Mother’s Day makes me think about God’s maternal side. Christianity has been guilty of a patriarchal history that has been oppressive of women. Our conception of God as masculine, e.g. God as Father or King, certainly contributes to our slide into patriarchy. Although written in patriarchal contexts, the Bible itself does not refer to God exclusively in masculine metaphors. There are, albeit few, feminine metaphors used to describe God in the Bible. In this post, I want to highlight the maternal or motherly metaphors used.

God as Mother Bird & Mother Bear

One of the common images is God as a mother bird sheltering her children under her wings. We see this in Ruth 2:12 – “May you be richly rewarded by the LORD, the God of Israel, under whose wings you have come to take refuge.” (All references are from Today’s New International Version.) The Psalms used this imagery a number of times:

“Keep me as the apple of your eye; hide me in the shadow of your wings.” (Psa. 17:8)

“… I will take refuge in the shadow of your wings until the disaster has passed.” (Psa. 57:1)

“He will cover you with his feathers, and under his wings you will find refuge …” (Psa. 91:4)

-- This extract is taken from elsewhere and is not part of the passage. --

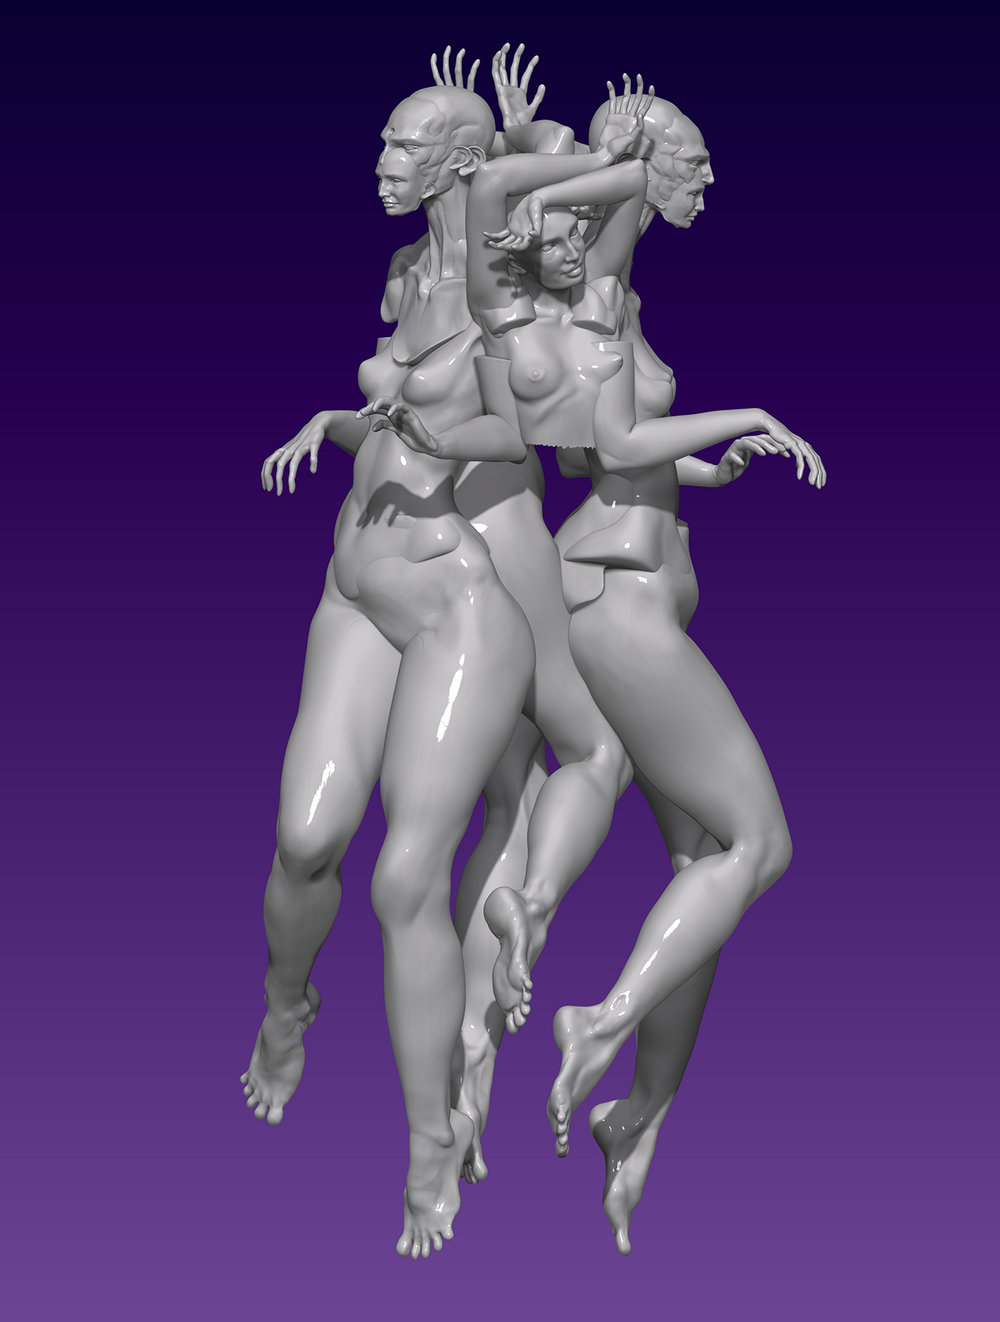 Max Brazier-Jones concept art zbrush figrative abstract surreal

Jesus picks up these images when he laments over Jerusalem:

“Jerusalem, Jerusalem, you who kill the prophets and stone those sent to you, how often I have longed to gather your children together, as a hen gathers her chicks under her wings, and you were not willing.” (Matthew 23:37; Luke 13:34)

These images paint God as a protecting and sheltering God for his people. But a variation of this image paints a God who also pushes his children to be independent and to grow stronger. Mother eagles are known to teach their young ones to fly by deliberately pushing them out of its nest but catching them before they plunge to their doom: “[God] guarded [Jacob] as the apple of his eye, like an eagle that stirs up its nest and hovers over its young, that spreads its wings to catch them and carries them aloft.” (Deuteronomy 32:10-11)

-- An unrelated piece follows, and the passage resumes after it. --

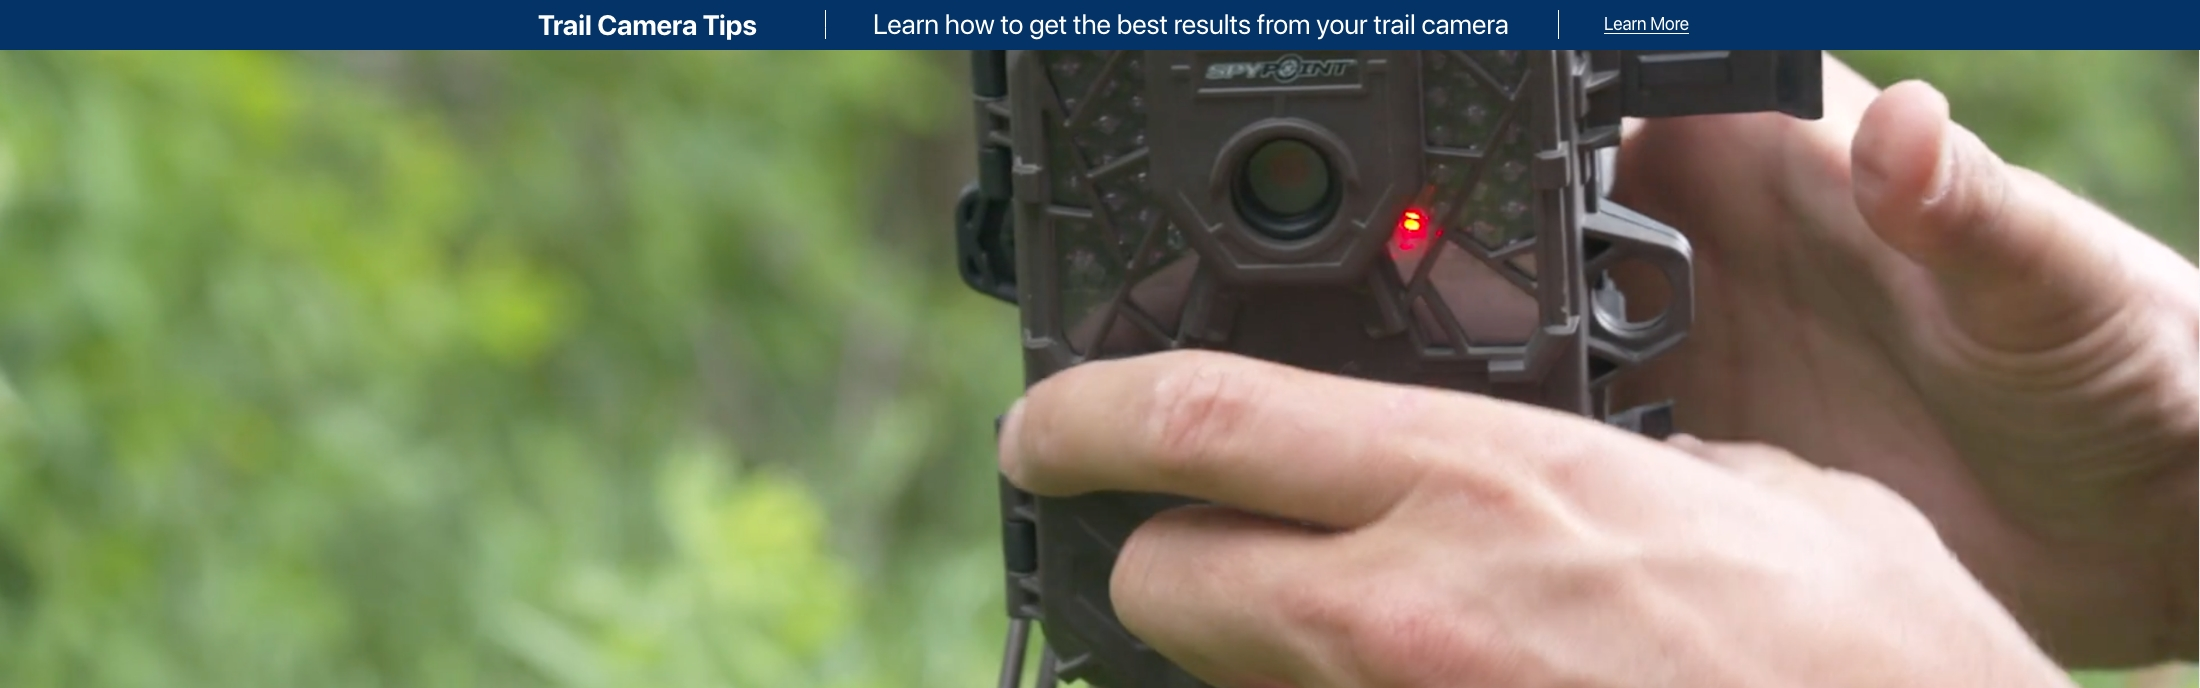 Trail Camera Tips

Before we claim that the Bible only reinforces stereotypes of motherly warmth and care with these images of God, check out Hosea 13:8 – “Like a bear robbed of her cubs, I will attack them and rip them open,” says the Lord. Here, we see that the maternal instinct to protect the children can produce wrath as much as warmth. Beware the fury of a mother! No sentimental mother-image here.

God as Human Mother

Of all the prophets, Isaiah seems to be the fondest in painting God as an actual human mother as these three verses attest:

“For a long time I [God] have kept silent, I have been quiet and held myself back. But now, like a woman in childbirth, I cry out, I gasp and pant.” (Isa. 42:14)

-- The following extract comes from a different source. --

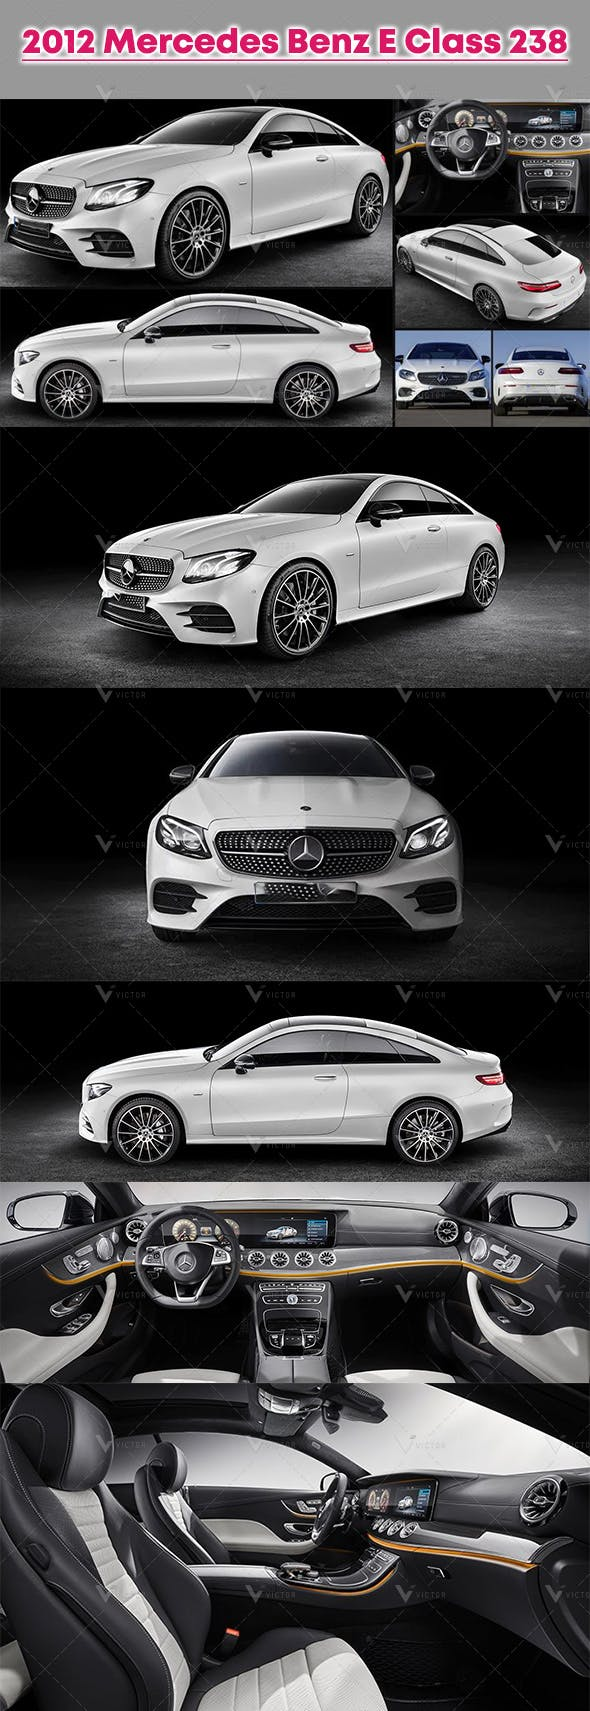 2012 Mercedes Benz E Class 238 - 3DOcean Item for Sale

“As a mother comforts her child, so will I [God] comfort you; and you will be comforted over Jerusalem.” (Isa. 66:13)

“Can a mother forget the baby at her breast and have no compassion on the child she has borne? Though she may forget, I [God] will not forget you!” (Isa. 49:15)

That last verse is one of my favourite verses for use in the assurance of forgiveness in a worship service. I like it for its compassionate and faithful portrayal of God but also because it is one of the few feminine images of God that I can use in a service. It reminds the congregation that God is beyond gender; the gender pronouns are simply metaphors to help us understand God who is always beyond our full understanding. As theologian Lynn Japinga wrote, “Language about God should help us to understand and encounter God, but we should not confuse the reality of God with the limits of our language.” (Feminism and Christianity: An Essential Guide, Abingdon: 1999, p. 64)

I know there are many conservative Christians who are uneasy with using feminine images for God. But using female metaphors for God is not a radical feminist innovation as the biblical passages above show. It is also part of early Christian history. Here, I refer again to Japinga:

In the second century, Clement of Alexandria mixed his metaphors in his description of Christians nursing at the breast of God the Father. Medieval mystic Meister Eckhart described God’s activity: “What does God do all day long? God gives birth. From all eternity God lies on a maternity bed giving birth.” (Feminism and Christianity, p. 65)

But Never Called Mother God

It is true, however, that despite these maternal images, the Bible never used the feminine gender for God, and never called God “mother”. In an ancient patriarchal culture, it is not surprising that the ancient Hebrews used masculine pronouns for God. But I don’t think that was to suggest that God has a masculine gender.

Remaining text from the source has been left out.